If I tried to tell you about a biographically faithful but artistically daring biopic about Emily Dickinson, and said it seemed like David Lynch directed it, you wouldn’t know what to expect. If you actually watched “A Quiet Passion,” directed by Terence Davies, you wouldn’t know what to think. It is one of the strangest movies I have ever seen.
The constraints and conventions of beautifully costumed period dramas such as this film can be as predictable and confining as one of the corsets worn by its characters. From spicing up the story to adding adventurous, anachronistic elements, many different approaches have been attempted to make these kinds of films more than what amounts to just a nice-looking film of an audiobook. From Baz Luhrmann’s “The Great Gatsby” to the sexed-up Keira Knightley of “Pride and Prejudice,” directors try to find the right recipe for making these old-timey tales more palatable.
Director Davies made choices in “A Quiet Passion” that are simply inexplicable. The film begins with young Emily Dickinson being brilliant and cheeky at school, and soon her beloved family show up to take her back to her beloved home. The father talks in a weird, declarative style. But maybe that’s just a weird paternal thing he does.
But as the scenes progress, everyone in the film starts talking this way. The line delivery is absolutely bonkers. It was like how on “Twin Peaks” some characters, especially the character played by David Lynch himself, shout their lines in a style that is deliberately unrealistic, off putting, theatrical and utterly bizarre. But “utterly bizarre” makes more sense in that context. I truly cannot fathom the direction here. The style must have been intentional; it could not have been just odd, wooden acting, spontaneously achieved by the entire cast.

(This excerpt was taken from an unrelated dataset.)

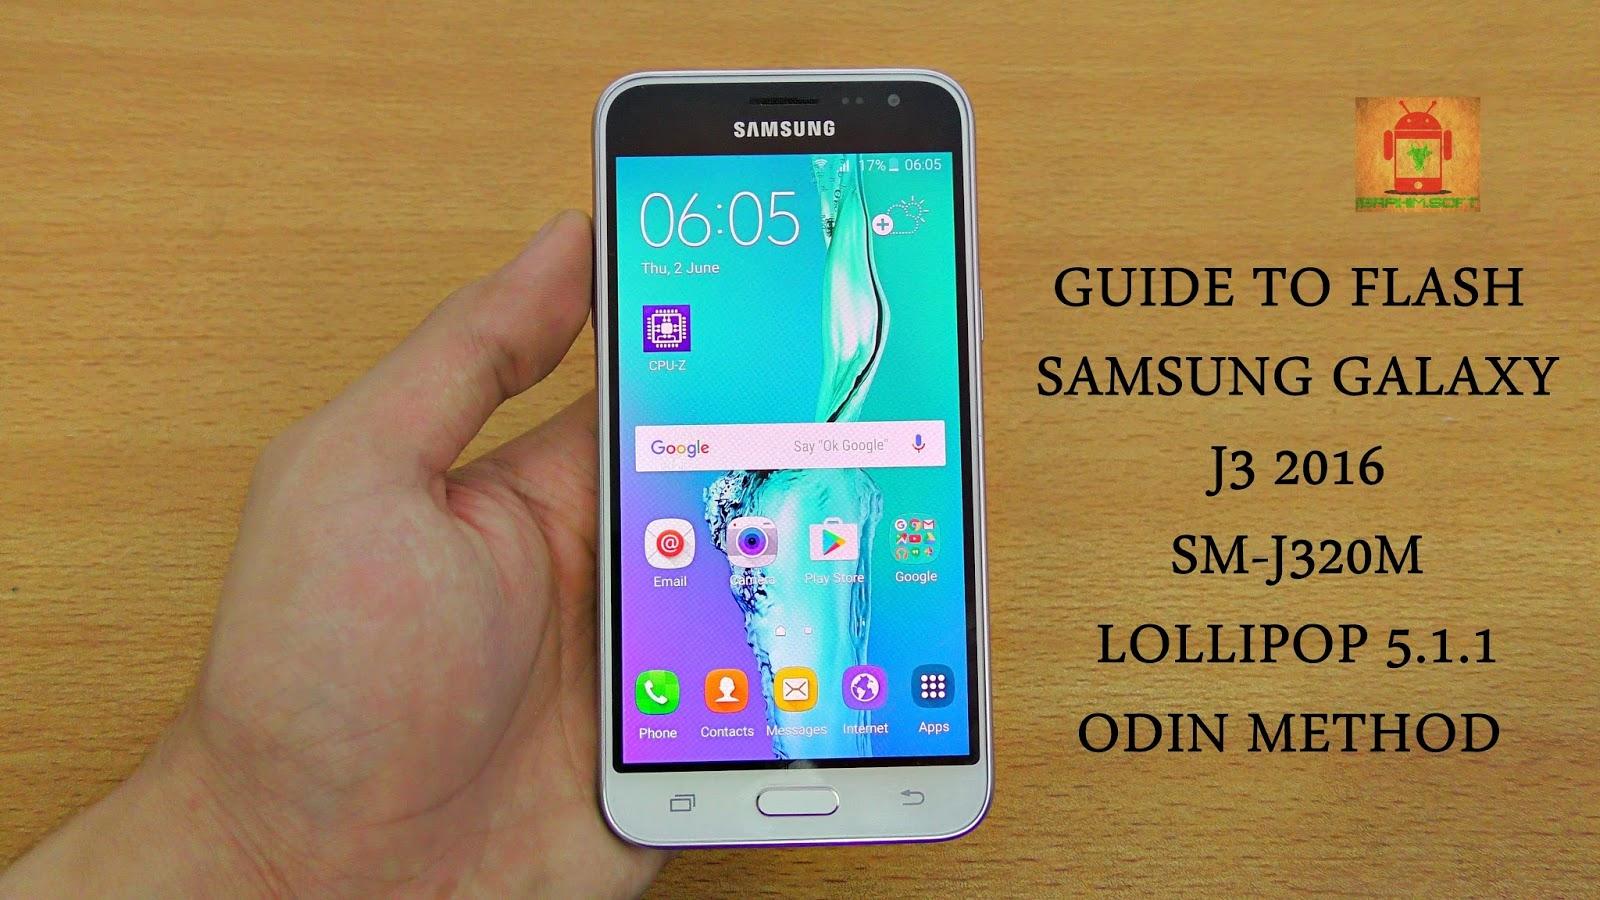 Guide To Flash Samsung Galaxy J3 2016 SM-J320M Lollipop 5 1

David Denby of The New Yorker wrote that “A Quiet Passion” is one of the three best films of 2017 so far, and that is why I sought out this film. But I could not get on board with this inexplicable treatment of the story. As Emily Dickinson, Cynthia Nixon does indeed deserve the rave reviews she has received, and she has many moments that are brilliantly portrayed. I suppose the argument could be made that the formal style was how Dickinson heard the world, and Nixon’s show-stopping moments of emotion were the poetic outbursts of her intense and constricted spirit.

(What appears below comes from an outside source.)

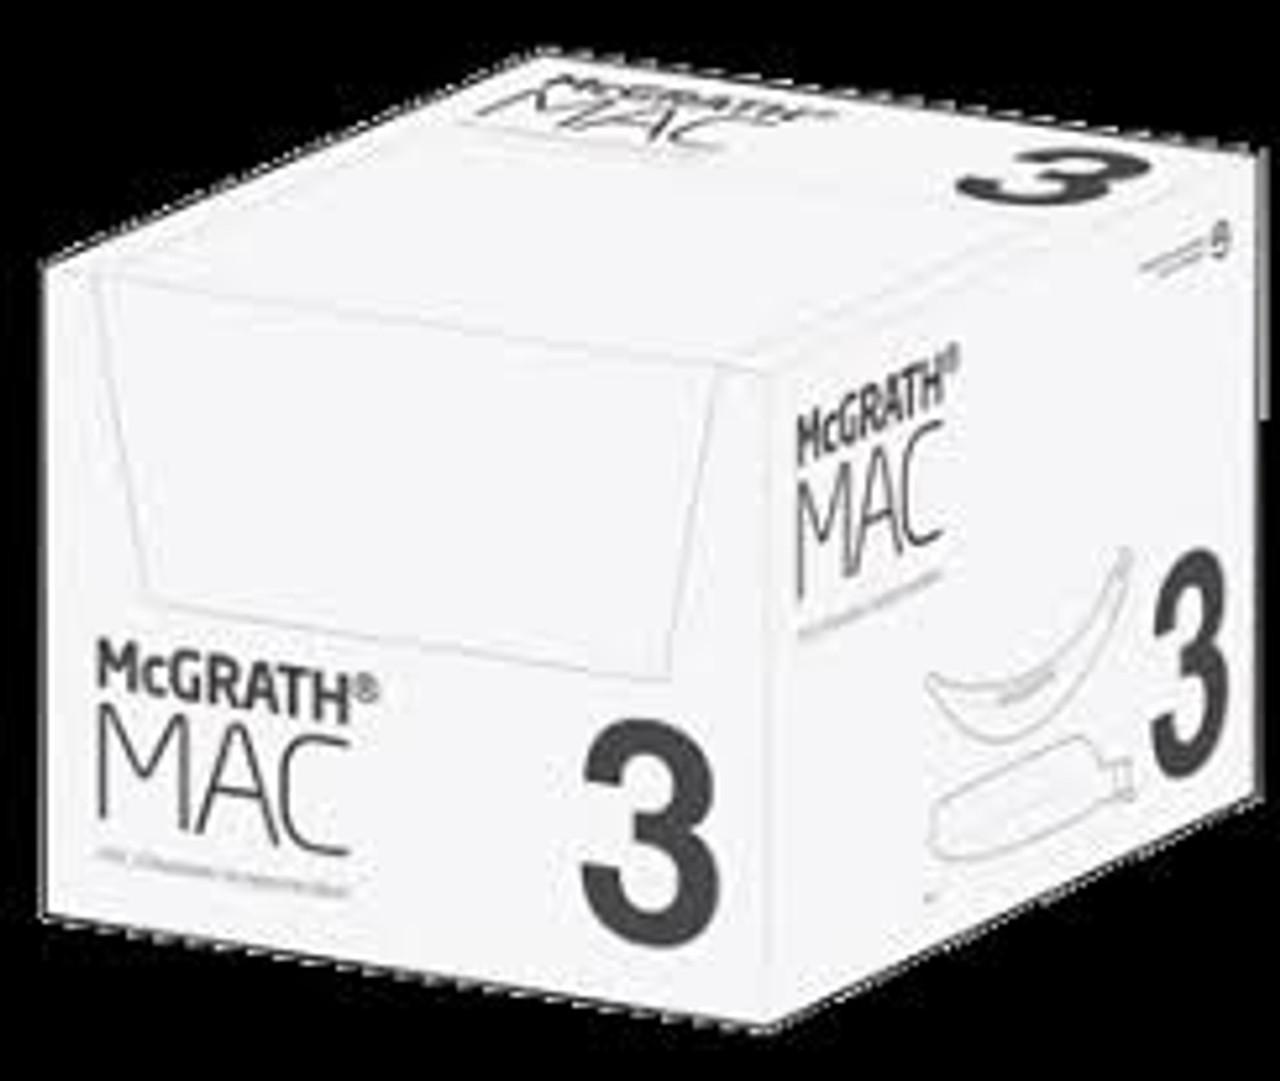 McGRATH™ Mac 3 Video Laryngoscope Blade by Physio-Control

But all of that is just something I told myself — the experience of watching the film was altogether bewildering and unsatisfying. Every review I have read sort of explains away these odd directorial choices. My theory is that no one wants to admit they didn’t understand it. But I am here to tell you, the king has nothing on.

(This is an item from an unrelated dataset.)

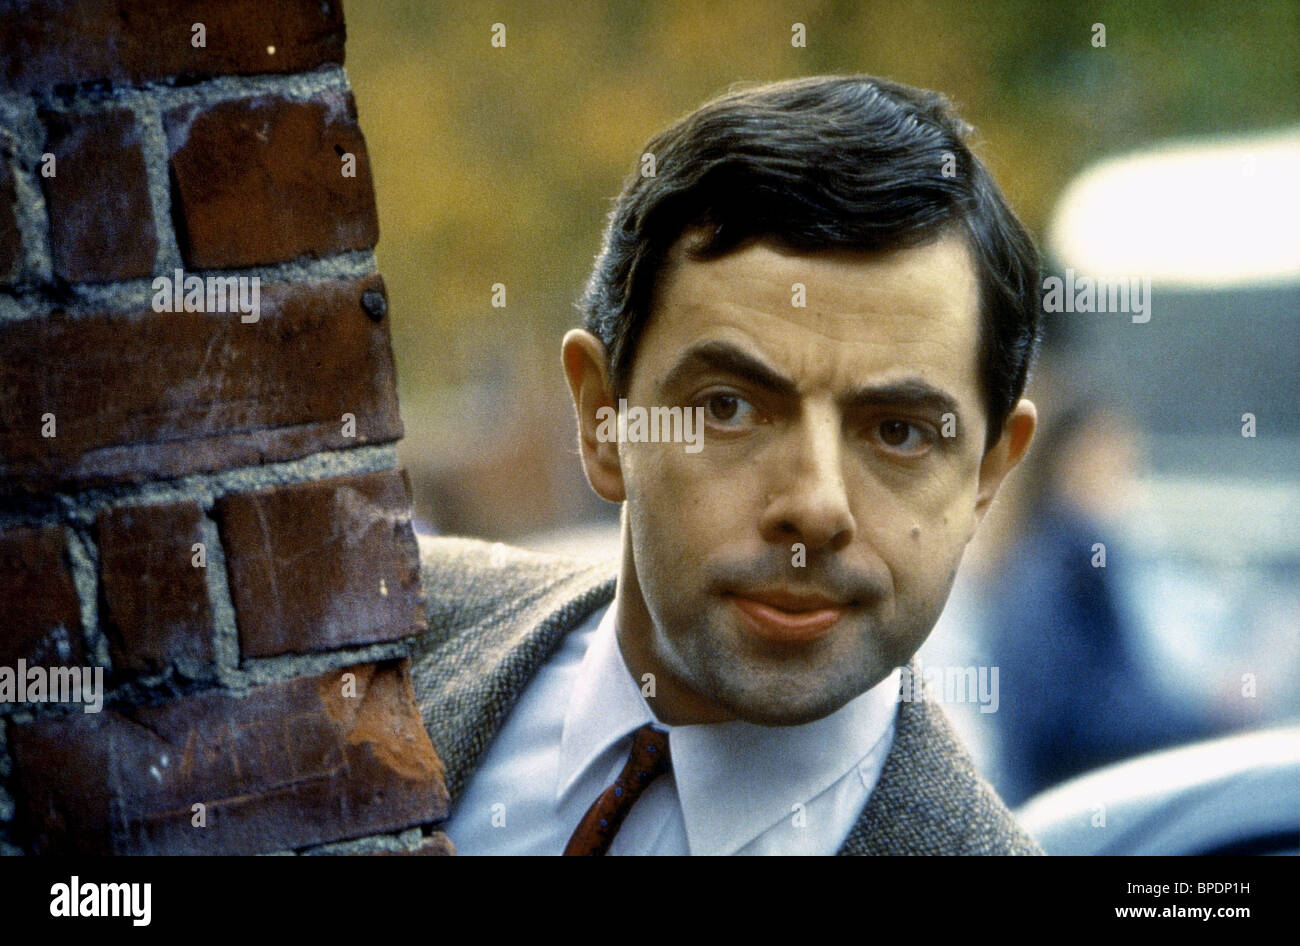 Mr Bean Frohe Weihnachten.Rowan Atkinson Actor Mr Bean Stock Photos Rowan Atkinson Actor Mr

“A Quiet Passion” is currently available to rent.
For another personal look at a female artist, the Crescent Theater has “Maudie” opening this week, with the brilliant actress Sally Hawkins as Maud Lewis, a real-life Canadian folk artist who, although stricken with terrible arthritis, created vibrant paintings. Her marriage to a gruff fisherman (Ethan Hawke) was an unlikely source of inspiration, and she eventually painted almost every surface of the shack they shared.
This is a depiction of a difficult romance, and a life that produced artwork against many, many odds. An intimate portrait of a complex life, “Maudie” the film delivers rewards for its unusual circumstances, much like Maud Lewis herself.
“Maudie” is playing at the Crescent Theater.